This first stage gives the Academic a procedure that allows for discrimination between impressions while preserving the Academic thesis that nothing can be known. The second stage of Clitomachus’ defense drew on Carneades’ criticisms of the Stoic unitary notion of assent as simply a matter of taking an impression (or its content) to be true. Carneades had argued that this fails to account for the complexity of our cognitive life: many of our actions are not the product of distinct acts of assent, but rather unconscious, or habitual, like animal action; and we sometimes deliberately act without assent, for instance, when we follow unendorsed hypotheses or act in conditions of uncertainty (see Bett 1990). On the basis of considerations of this sort, Clitomachus argued that we should distinguish ‘assenting’ to an impression, in the Stoic sense of taking it to be true, from ‘approving’ an impression, in the sense of acting on it or accepting it as if it were true. (See Cicero Ac. 2.104.)

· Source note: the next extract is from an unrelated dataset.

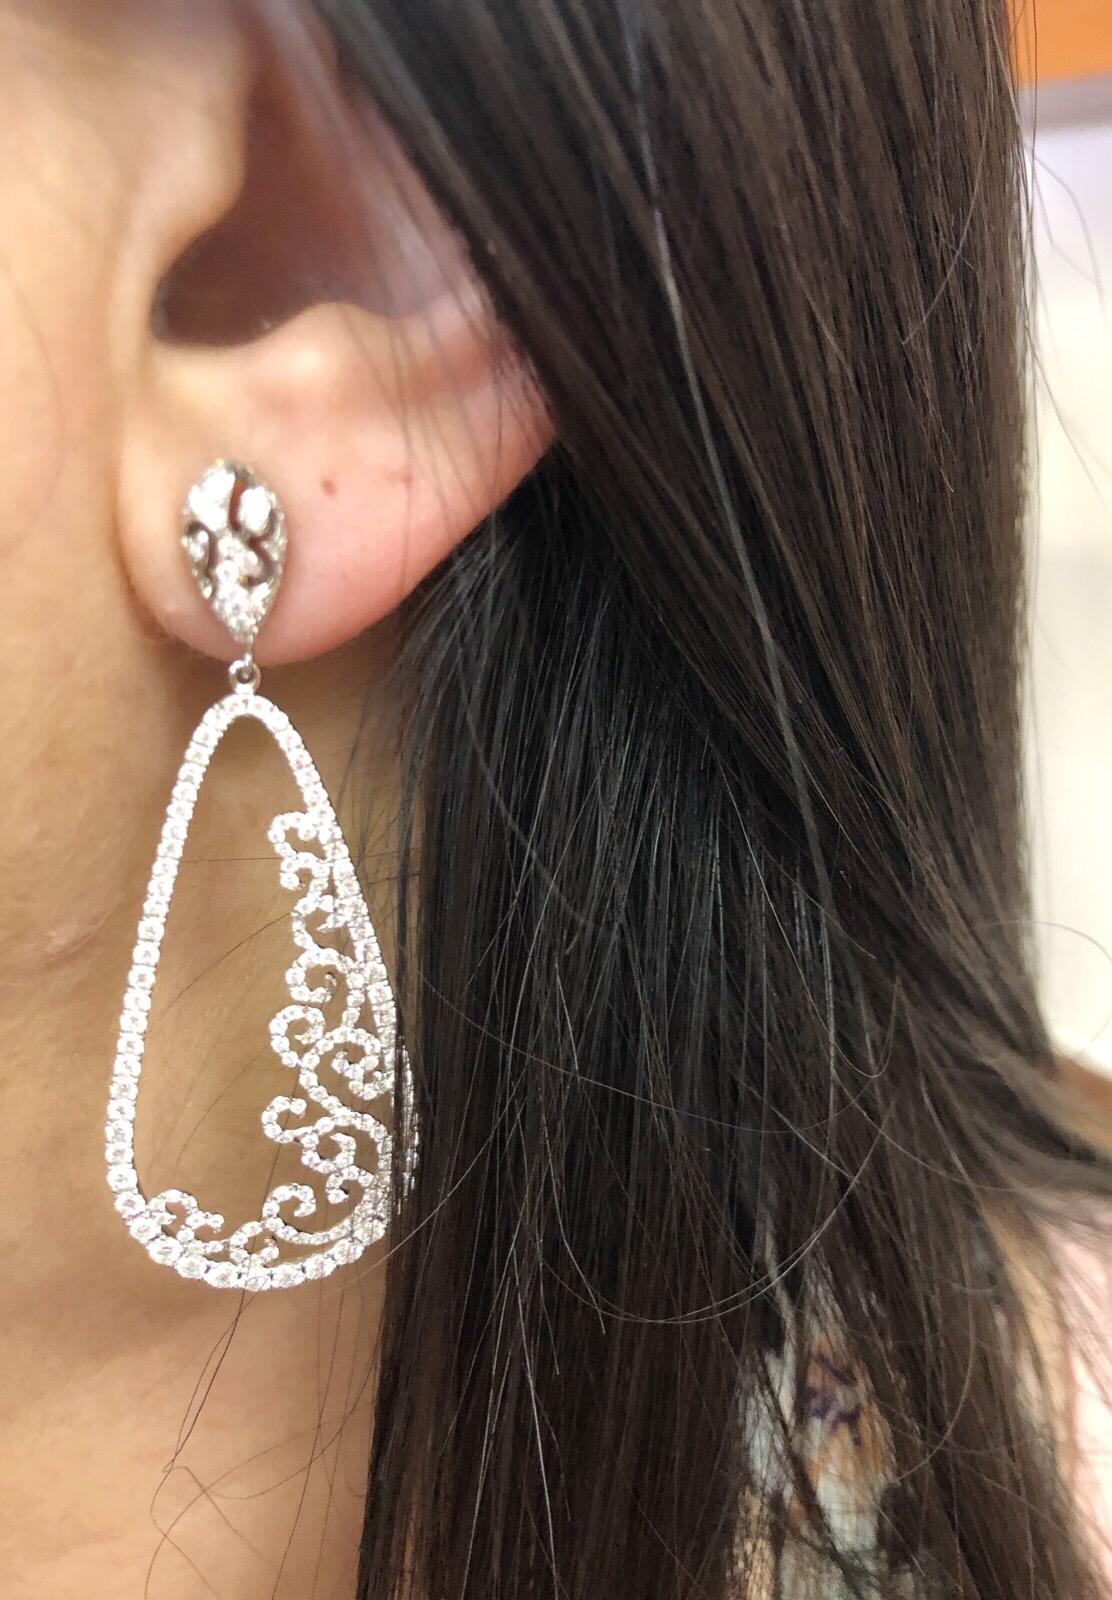 3.88 Carats total weight of round brilliant prong-set diamonds set in 18K white gold drop scrolled earrings in a tear drop shape. Diamond quality: F-H color, VS2-SI1 clarity.

This second stage gives the Academics a way of accepting impressions and acting on them that preserves the thesis that rationality demands that one should always suspend assent. Thus, by combining both stages, Clitomachus was able to argue that the Academic is free to ‘follow’ or ‘approve’ persuasive impressions without assenting to them: the Academic has a ‘practical criterion’ that allows for action without presupposing the cognitive access to objective truth required for rational assent (Sextus M. 7. 166; cf. Cicero Ac. 2.108).  Clitomachus, however, did not restrict the application of this ‘practical’ criterion to cases of action. He also explicitly claimed that it gave the radical skeptics a means to explain their philosophical activities, i.e. their arguments and views (Cicero Ac. 2.104; cf. 2.32). He was thus in a position to explain the Academics’ apparent commitment to the theses that assent is irrational and knowledge is unattainable. These are views that the radical skeptic finds ‘persuasive’; but they are not ‘beliefs’, at least not in the Stoic sense, because the Academic does not take them to be true.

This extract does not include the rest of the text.